__WORK TO BE COMPLETED__. From the first line to the last, copy the listing exactly and omit the pictures.

== GIVEN DATA ==

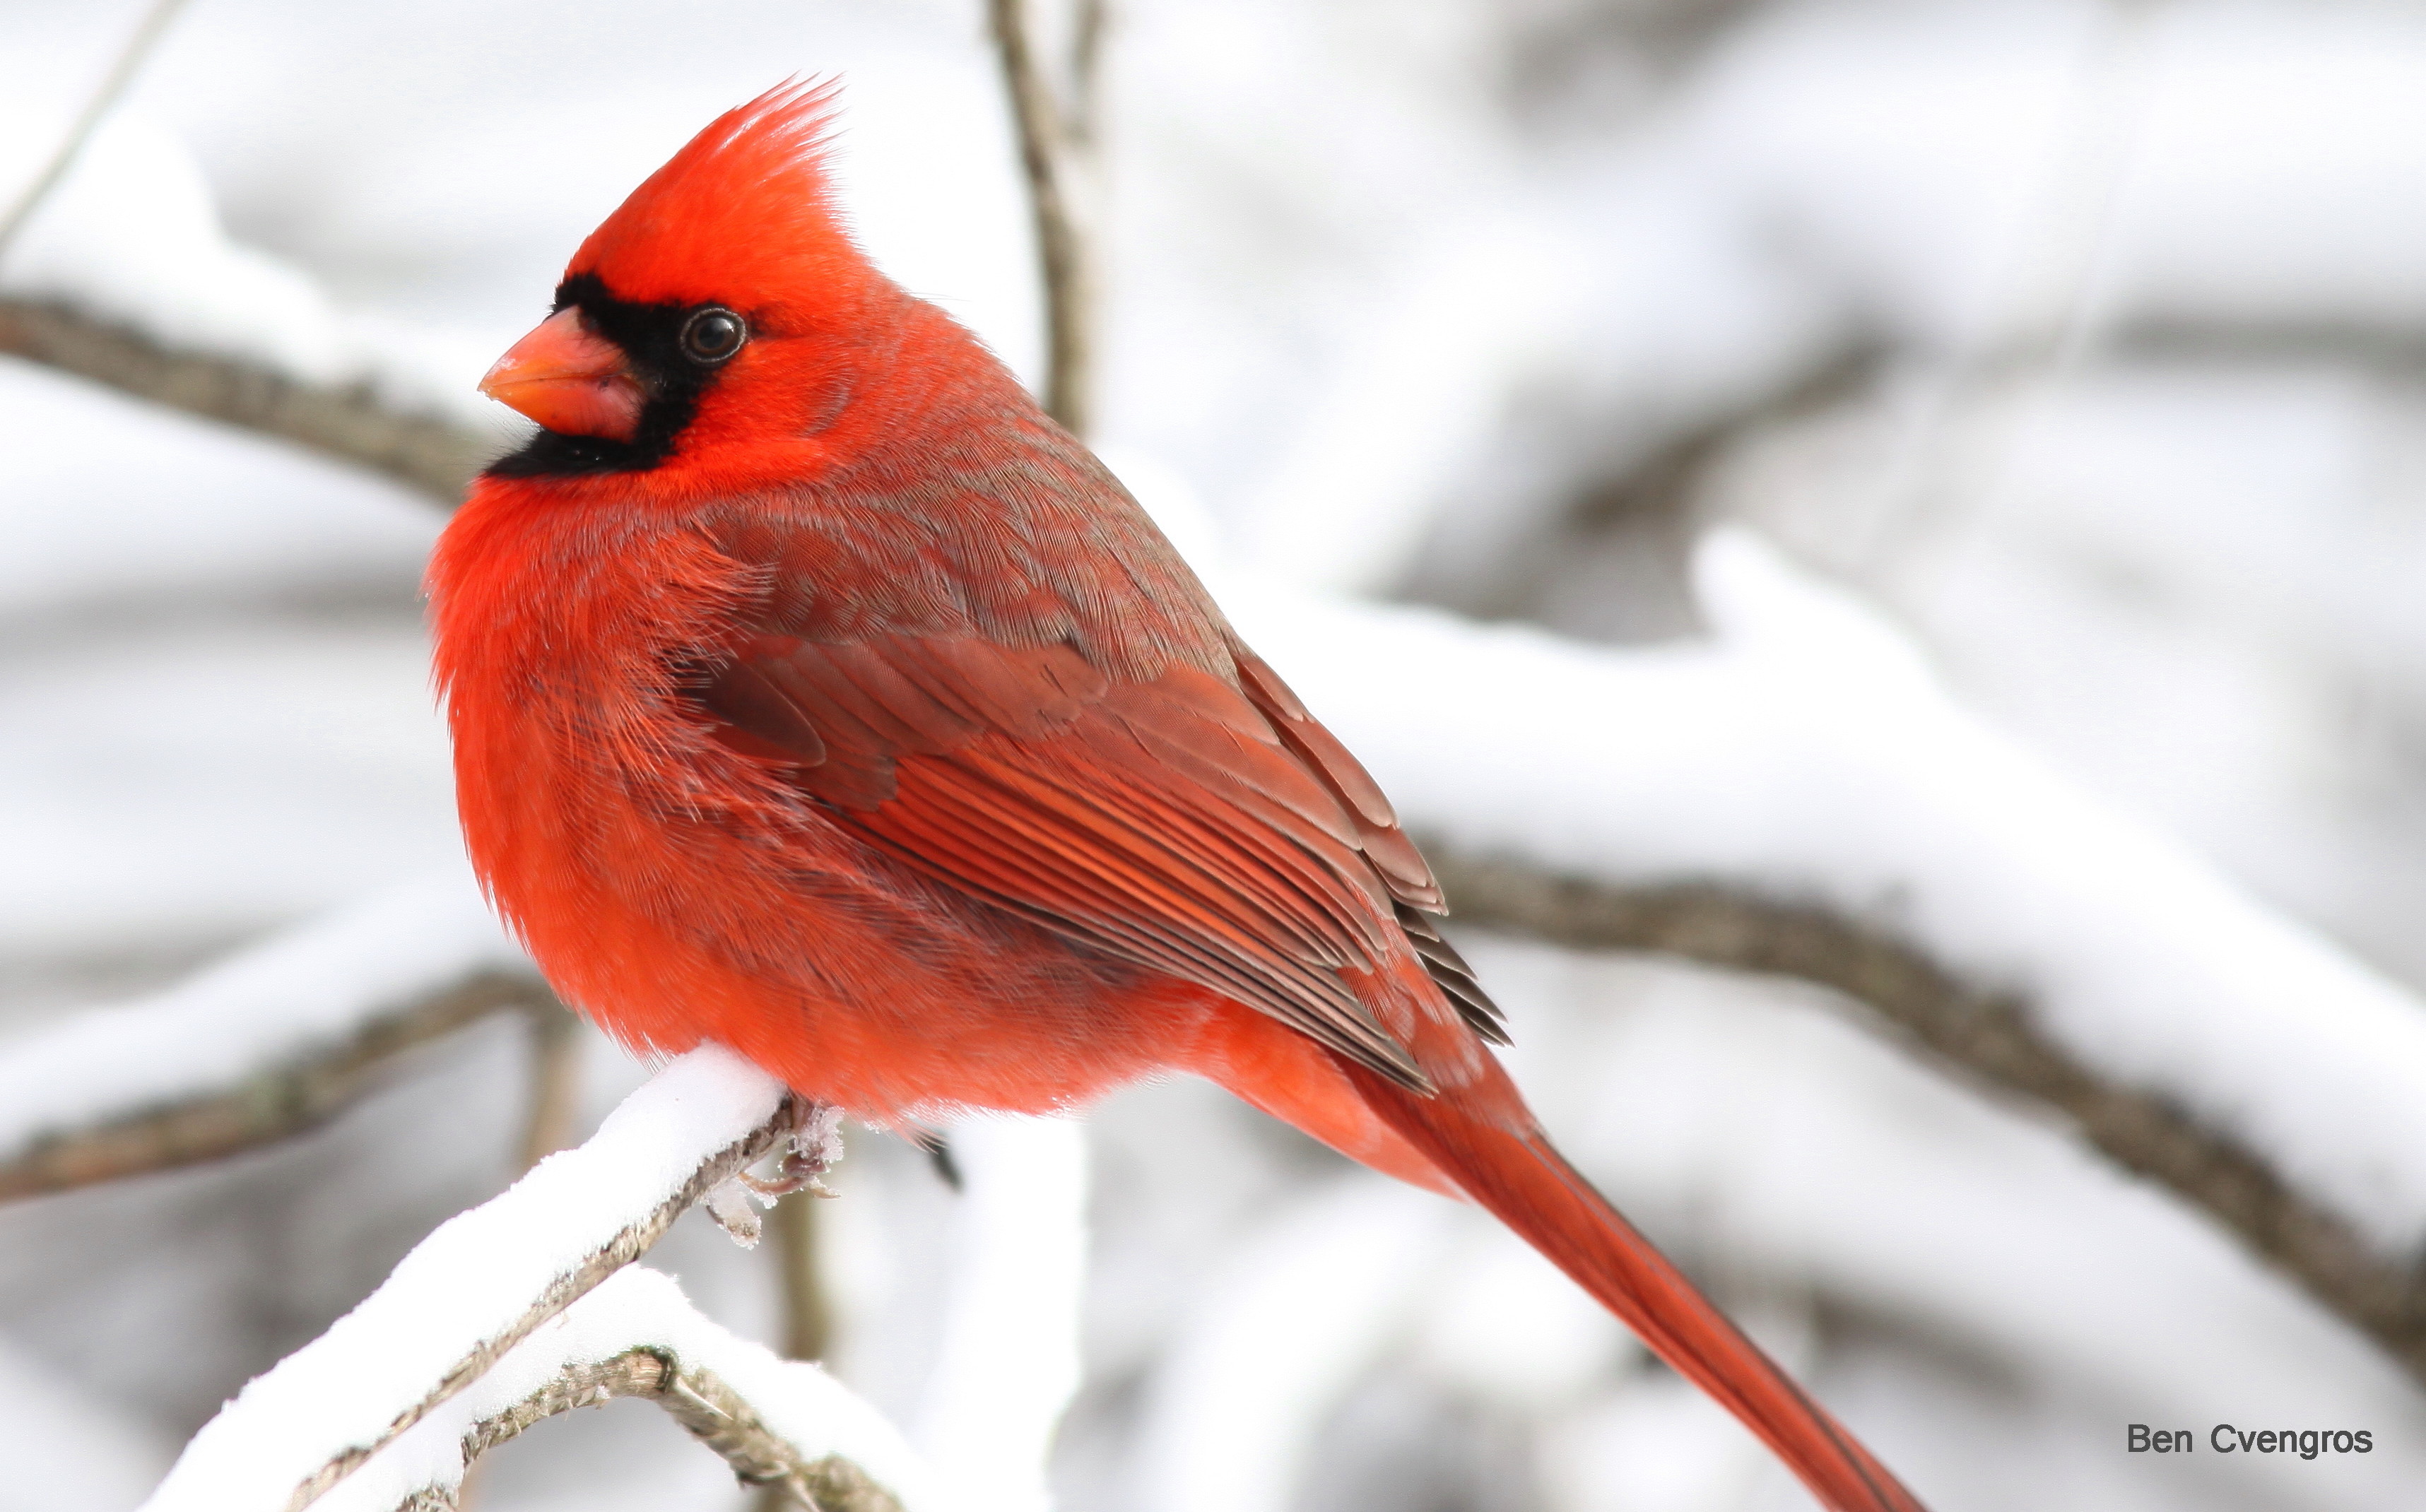  northern cardinal, indiana 
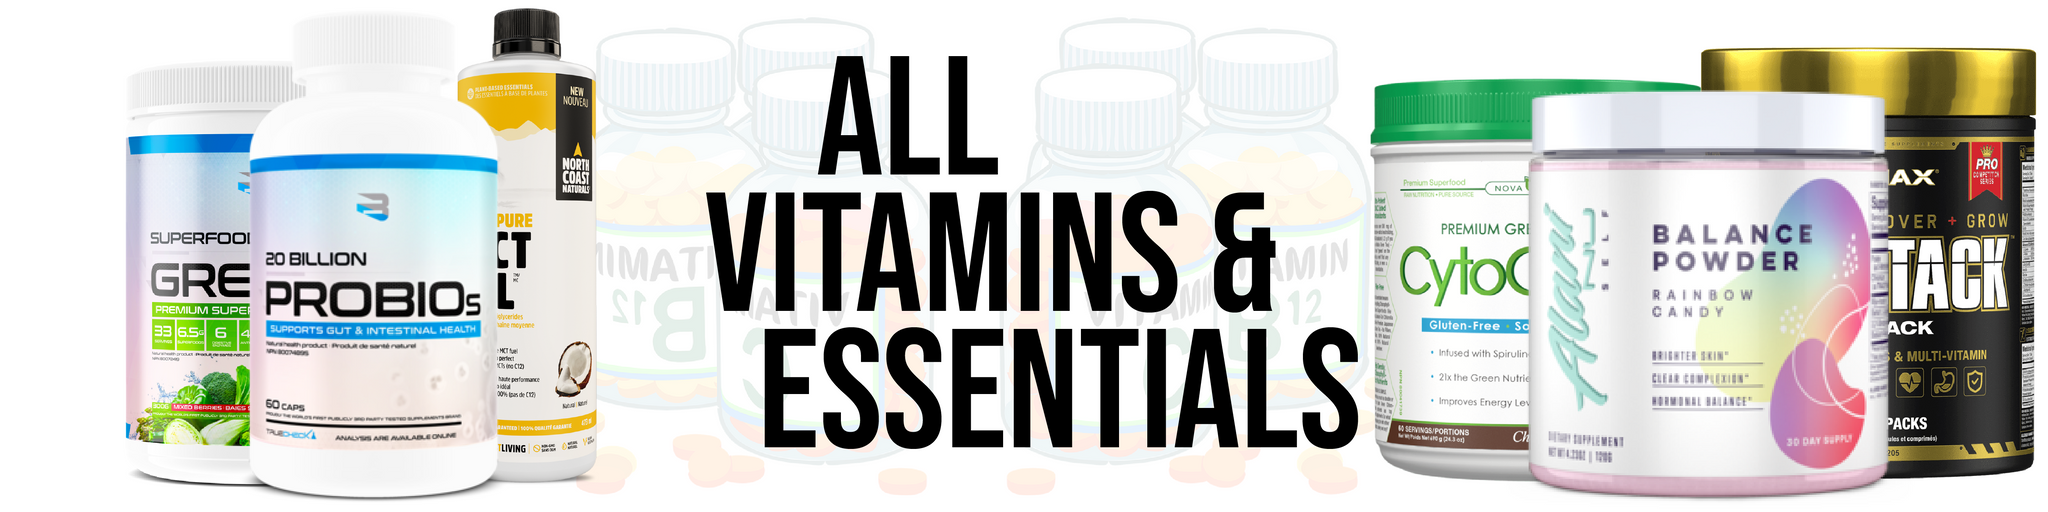 Vitamins + Essentials
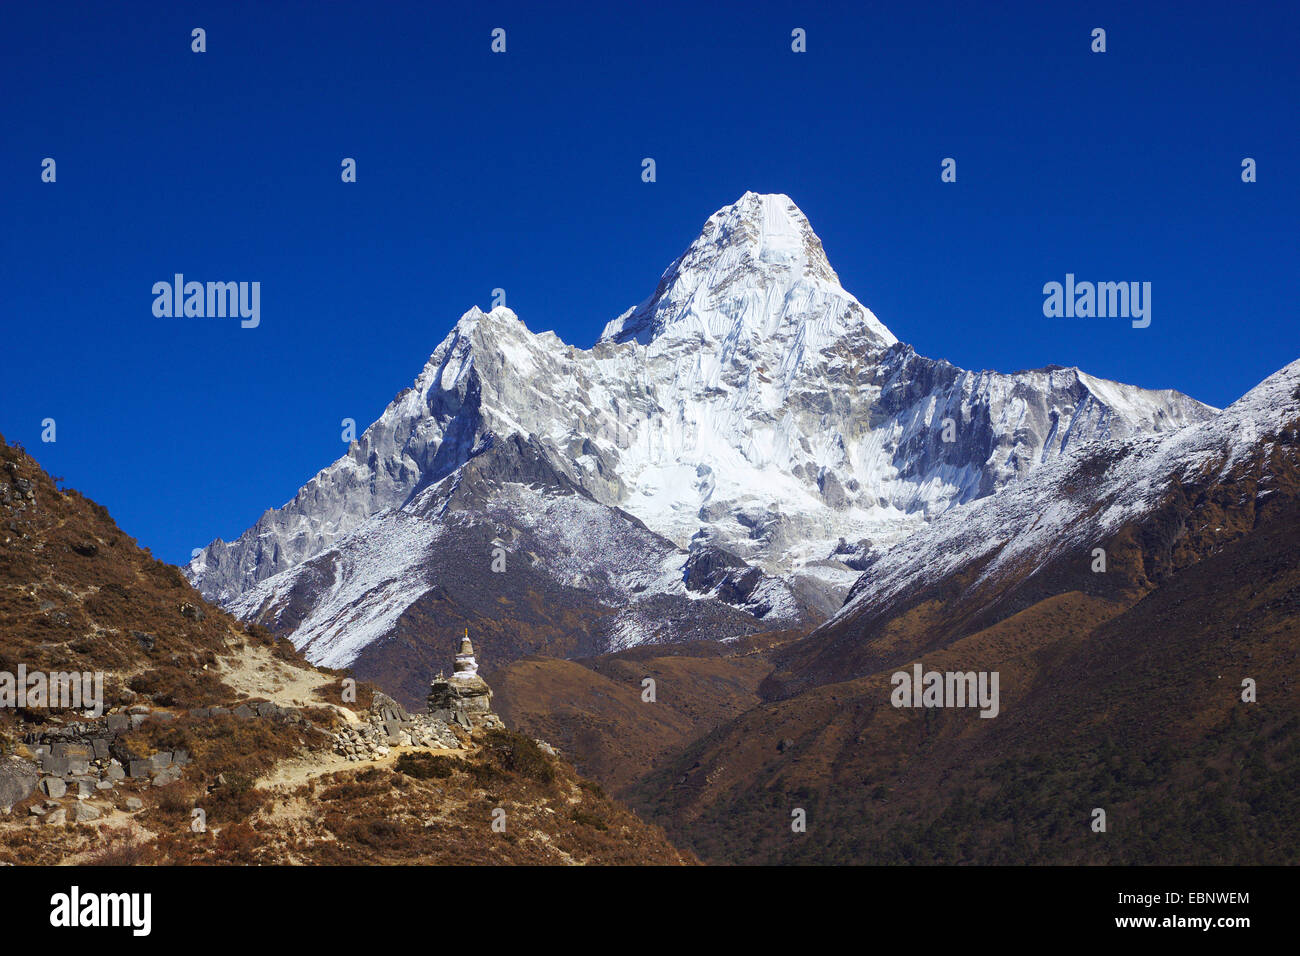 Vue de l'Ama Dablam, chorten en premier plan près de Pangbouche, Népal, Himalaya, Khumbu Himal Banque D'Images

===

__SOLVED PROBLEM__.
  northern cardinal, indiana 
 Vitamins + Essentials
 Vue de l'Ama Dablam, chorten en premier plan près de Pangbouche, Népal, Himalaya, Khumbu Himal Banque D'Images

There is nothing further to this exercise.